Khor Virap occupies a central place in the history of Armenian Christianity as the spot where the Armenian king Tiridates III imprisoned St. Gregory the Illuminator in a snake-filled pit for 14 years before Tiridates accepted Christianity in AD 301, turning Armenia into one of the first Christian kingdoms in the world.  (Armenians will say that they were the first, but the kingdom of Osroene has a reasonable claim to having adopted Christianity exactly 100 years earlier; Osroene, however, no longer exists, while Armenia does, so maybe that gives the Armenian claim greater weight.  Osroene, around the modern city of Sanliurfa in Turkey, is still a centre for Syriac Christianity, one of the earliest forms of Christianity and the source of the Nestorians, the far-flung Christian sect that sent missionaries as far east as China by the 8th century AD.  I cycled through the area of ancient Osroene back in 2009, towards the end of my Silk Road bicycle trip.)  At any rate, the monastery is a major pilgrimage and tourism site for Armenians, and so we went to pay our respects.  The monastery was perhaps a bit underwhelming, but the view from the parapets across to Ararat was spectacular, and Terri was very pleased at having had such a good view of this famous peak.

Zvartnots Cathedral

From Khor Virap we drove along the Arax valley, through a series of rather dismal post-Soviet post-industrial towns surrounding Yerevan.  We stopped in briefly at the ruins of Zvartnots cathedral, a once-imposing church of monumental scale that fell down (probably in an earthquake) in the 10th century after its 7th-century construction.  The remaining pillars are imposing, but don't warrant a prolonged visit.  From there we proceeded along increasingly poor roads towards a museum that I remembered fondly from my visit in 2009, at the archaeological site of Metsamor.  The site was an important Bronze Age trading city, but sadly the best part of the museum, the spectacular gold treasure, was not open to visitors.  

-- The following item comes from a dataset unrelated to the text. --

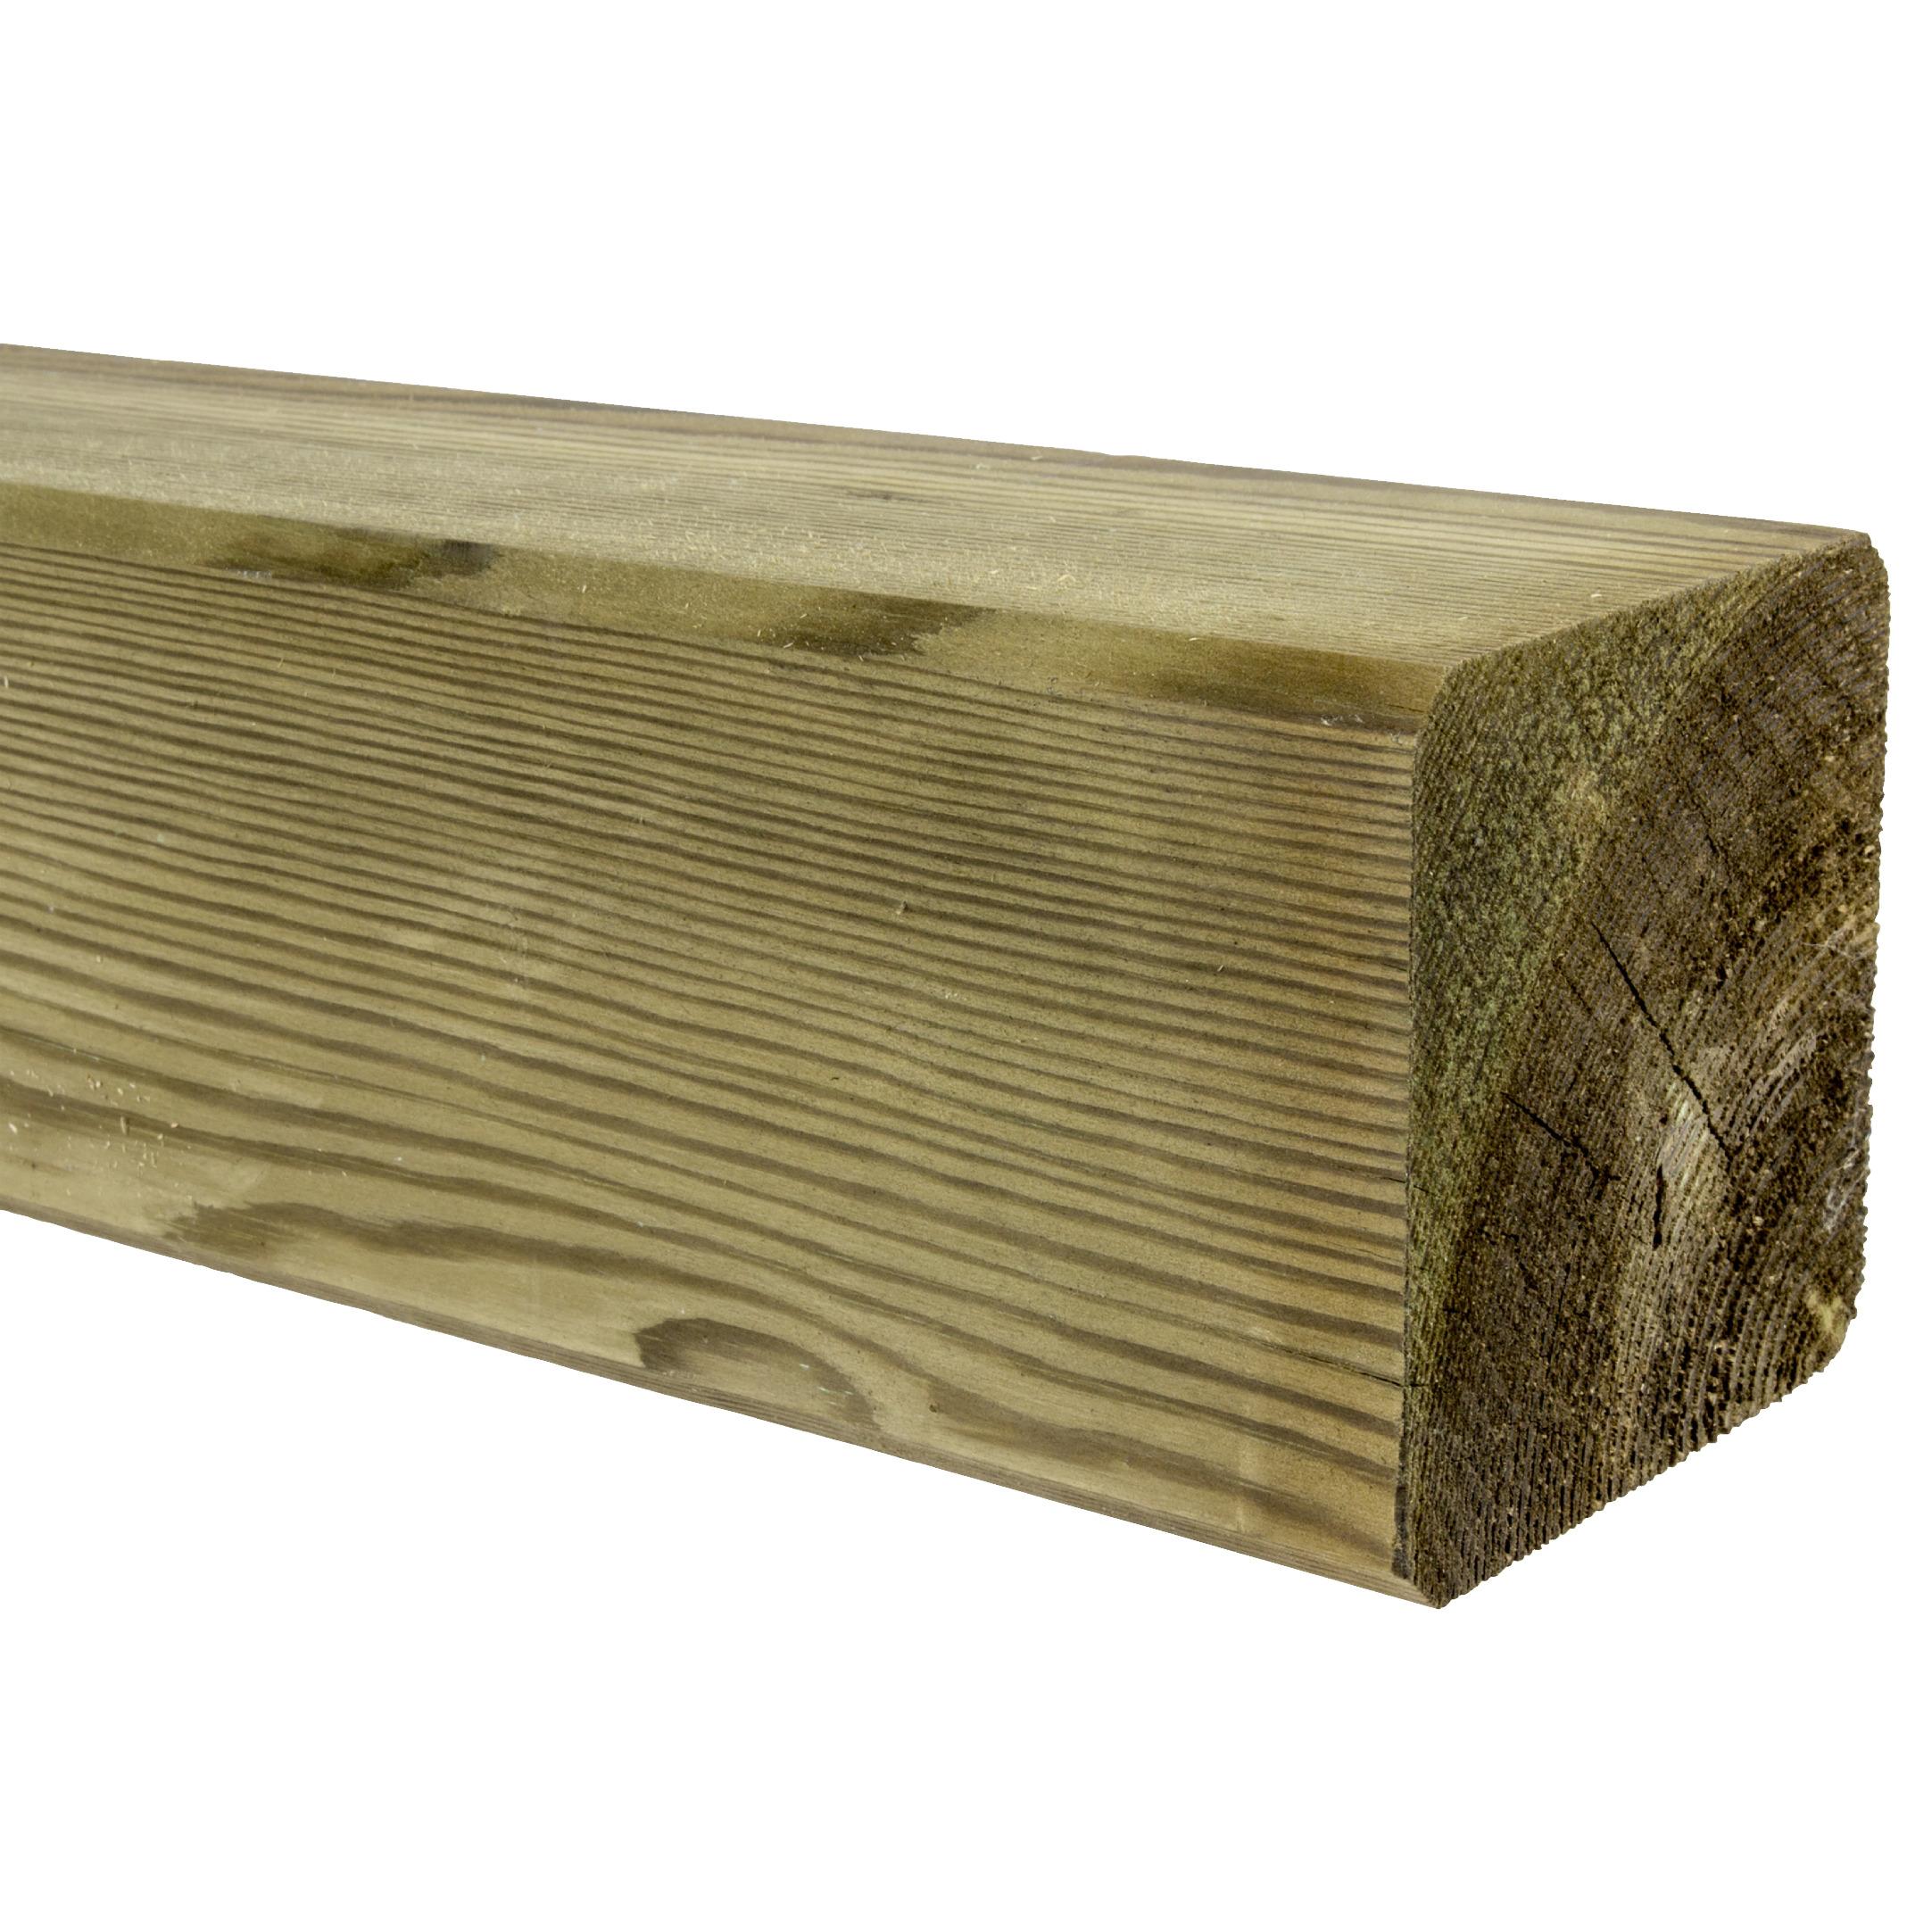 Tuinpaal geimpregneerd grenen 270x8,8x8,8 cm

1700 years since Armenia's conversion
Frustrated, we drove back into nearby Echmiadzin, the centre of the Armenian Apostolic church, and found a room at a guesthouse.  We walked over to have a look at the Mother See of Holy Echmiadzin, only to find it too was locked and not open to visitors thanks to a major restoration project.  Instead we caught a marshrutka into Yerevan and spent the afternoon wandering the streets and shopping for fine Armenian brandy before having a fancy dinner.  As we sat in endless traffic in our minibus on the way back to Echmiadzin, we were both pleased with our decision not to drive into the city.

Karmravor church

Saturday morning dawned bright and sunny, and we spent the day driving north towards the Georgian border, past some spectacular churches with equally spectacular names like Karmravor, Hovhannavank and Saghmosavank, perched on the edge of a deep canyon worn by the Kasakh River into the lower flanks of the volcanic peak of Aragats.  It was good to renew my acquaintances with these masterpieces of Armenian architecture after a decade's absence, before finally turning ourselves definitively away from Armenia and starting the long drive home.  It was a spectacular drive over the Spitak pass, with sweeping views of the four peaks of Aragats; only the usual kamikaze post-Soviet driving style could dampen our enjoyment.  We stopped in the town of Petrovka for one final feast of khorovats and had the best example of the art we had yet tasted.  The owner of the restaurant said that he had grown up in Tbilisi, but had left after the breakup of the Soviet Union and moved to provincial Armenia because "there is no future for Armenians in Georgia".  We contemplated this as we savoured the exquisitely grilled lamb, then said our goodbyes and crossed back into Georgia at a different minor border post where we were the only vehicle during the half hour it took to process our paperwork for the car.
Hovhannavank church

Saghmosavank church
Back in Georgia, the road deteriorated into something resembling the Ughtasar track, and it took us hours to bump our way to the outskirts of Patara Dmanisi, where we found a spot in the woods to camp.  As we cooked and ate, unearthly howling and yipping came from the bushes nearby, a sound that we later figured out was from a family of golden jackals; it brought us back to the sounds of camping in the African bush in Stanley!










The peaks of Mt. Aragats

Dmanisi overview from the citadel

Dmanisi hominin reconstruction
The final day of the trip involved visiting two important sites in Georgia that we had previously neglected.  First up was Dmanisi, a fascinating multi-faceted site that I had wanted to visit for many years.  Archaeologists first started excavating here to uncover the remains of a medieval trading city and citadel, but in the process they found, underneath the medieval buildings, remains of 5 ancient hominins dating to 1.77 million years ago.  These are the earliest known hominin remains found outside Africa, and have understandably attracted a huge amount of paleontological interest.  The original fossils are in Tbilisi, but we were satisfied with some accurate replicas.  

Dmanisi hominin skull
The exact classification of these homonins is unclear and (in the manner of most early hominin paleontology) highly disputed.  They may be a form of Homo erectus, or they may be their own species, H. georgicus, or maybe something else entirely.  After at first finding the gate locked, we were eventually let in by the night watchman.  We contemplated these long-dead near relatives for a while, then wandered through the medieval excavations and made our way up to the citadel.  The views down to the river were striking, and it must have been a fine spot for early hominins to sit and spot game, or to catch fish in the river, or to hide from.  Between the paleontology, the medieval archaeology, the small church and the citadel, it was an impressive collection of different features from different times all gathered together in one place.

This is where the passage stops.